● **What to do**: Would you please copy the part of the material below that opens with the line containing "Womens Fashion Crazy" and closes with the line containing "Single Wall Hook"? Copy it exactly, and only it.

● **Data extract**:
· · ·
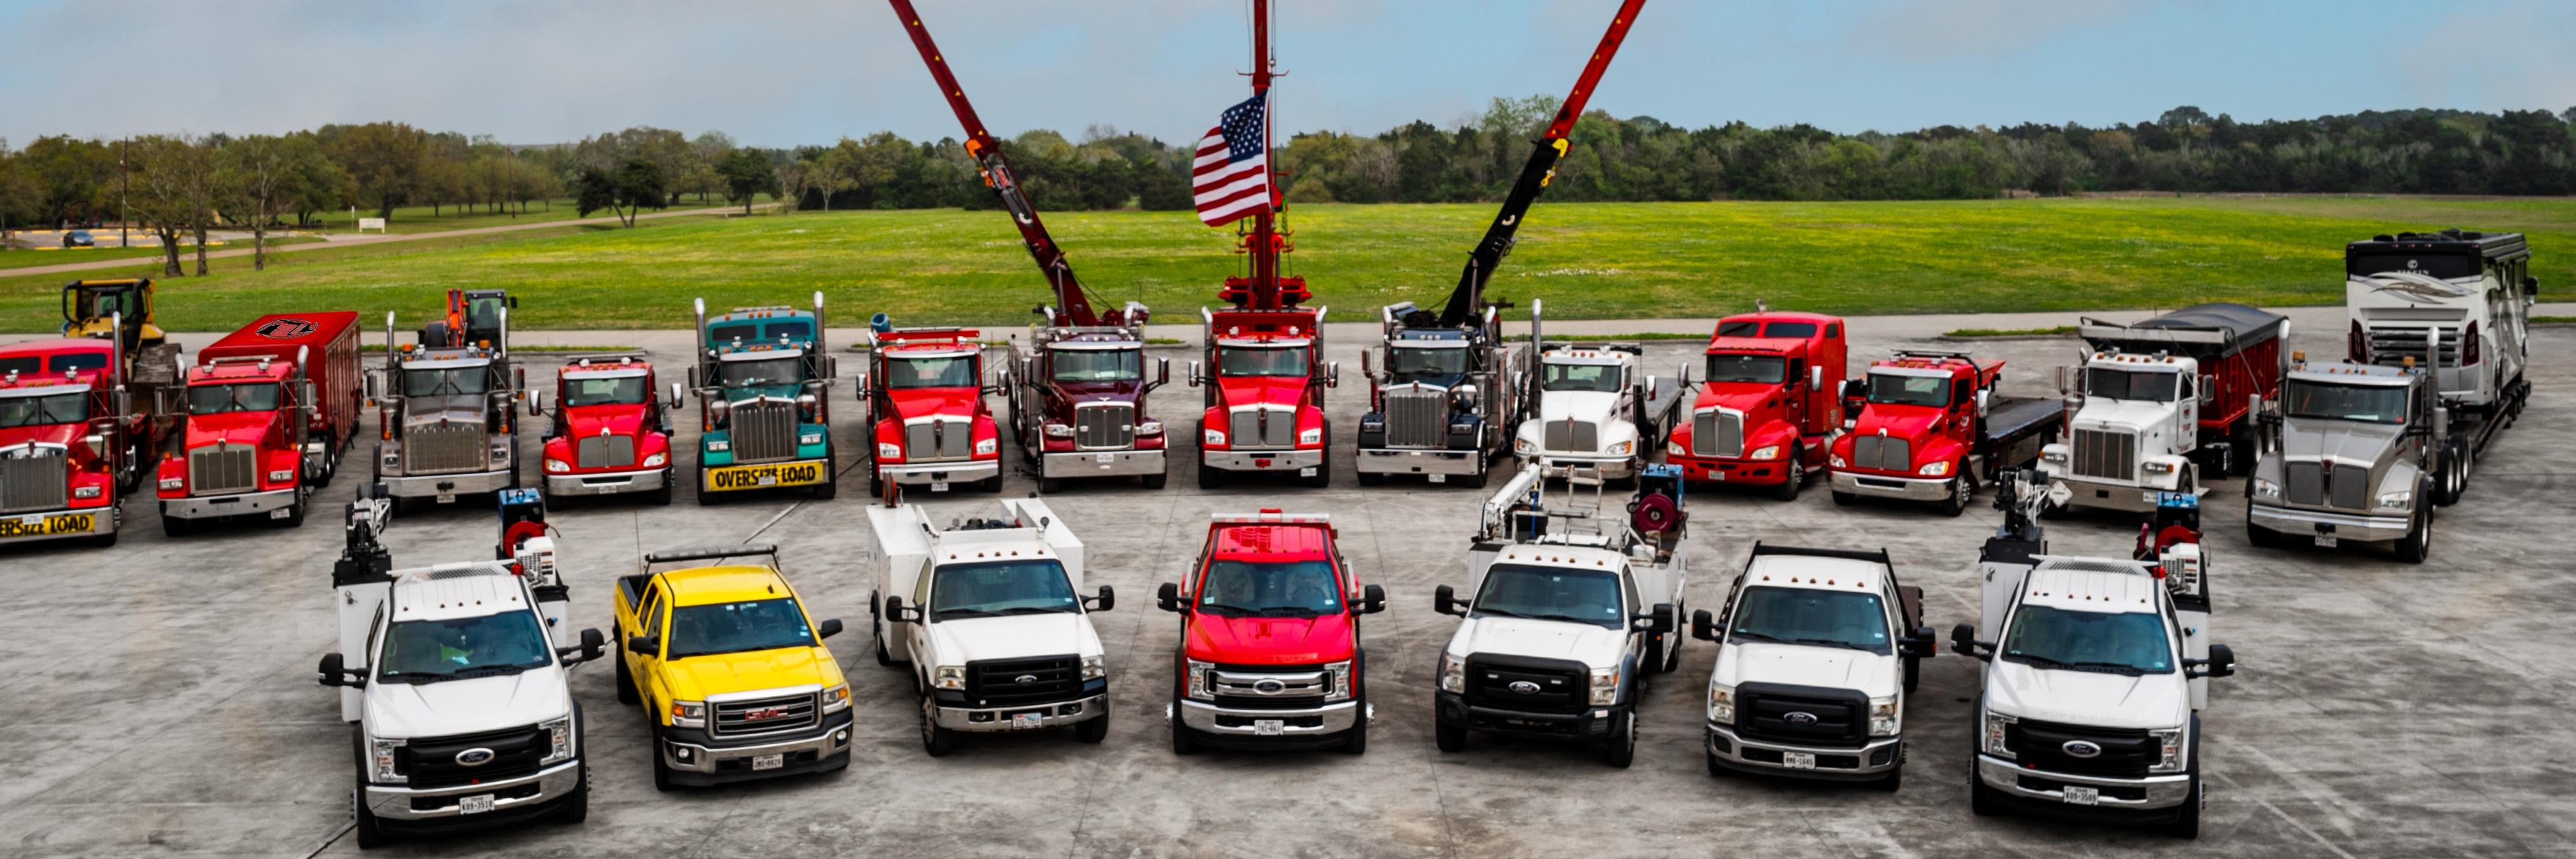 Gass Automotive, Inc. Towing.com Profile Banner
· · ·
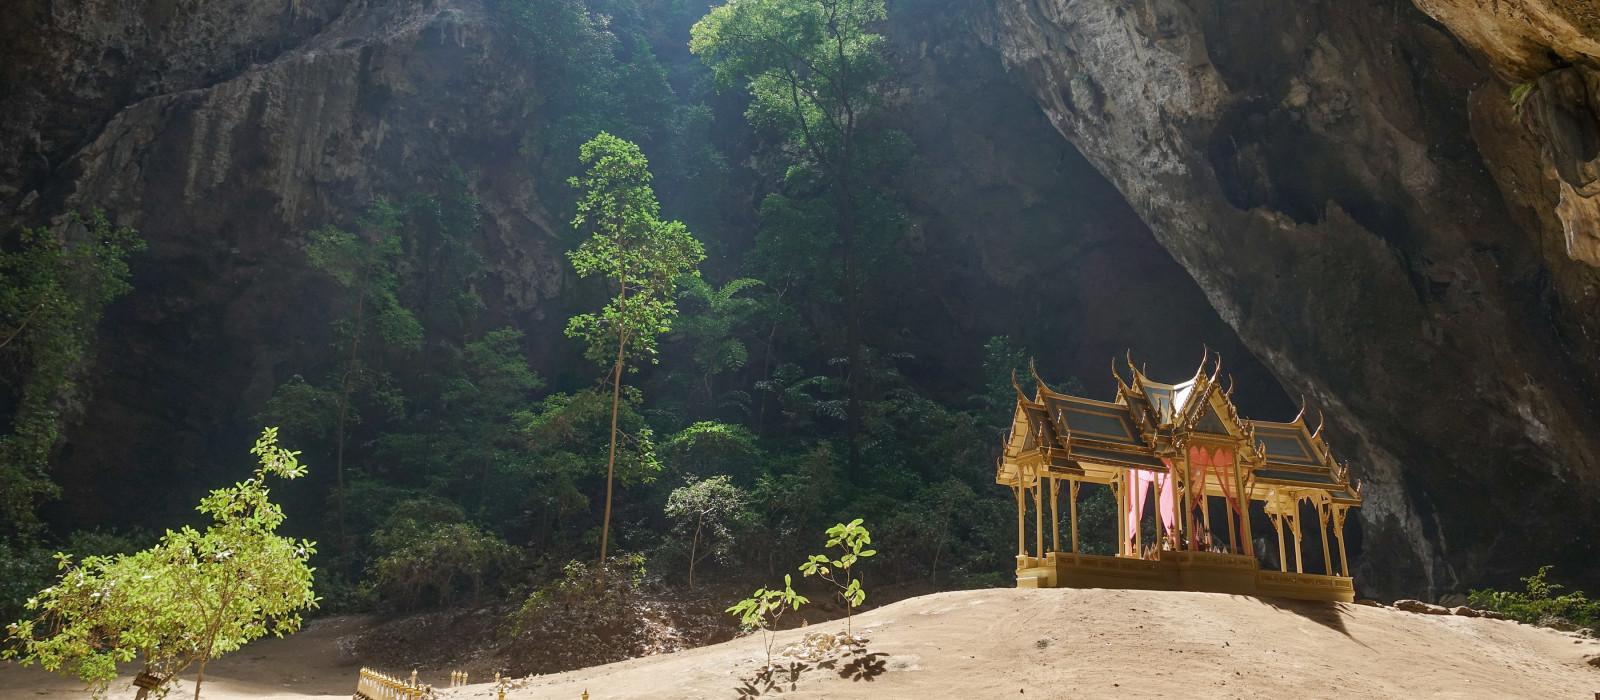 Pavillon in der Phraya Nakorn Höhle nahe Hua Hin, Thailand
· · ·
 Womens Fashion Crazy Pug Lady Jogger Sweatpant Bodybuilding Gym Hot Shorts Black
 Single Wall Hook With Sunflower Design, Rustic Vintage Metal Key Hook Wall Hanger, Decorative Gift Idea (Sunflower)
· · ·
● **Written response**:
 Womens Fashion Crazy Pug Lady Jogger Sweatpant Bodybuilding Gym Hot Shorts Black
 Single Wall Hook With Sunflower Design, Rustic Vintage Metal Key Hook Wall Hanger, Decorative Gift Idea (Sunflower)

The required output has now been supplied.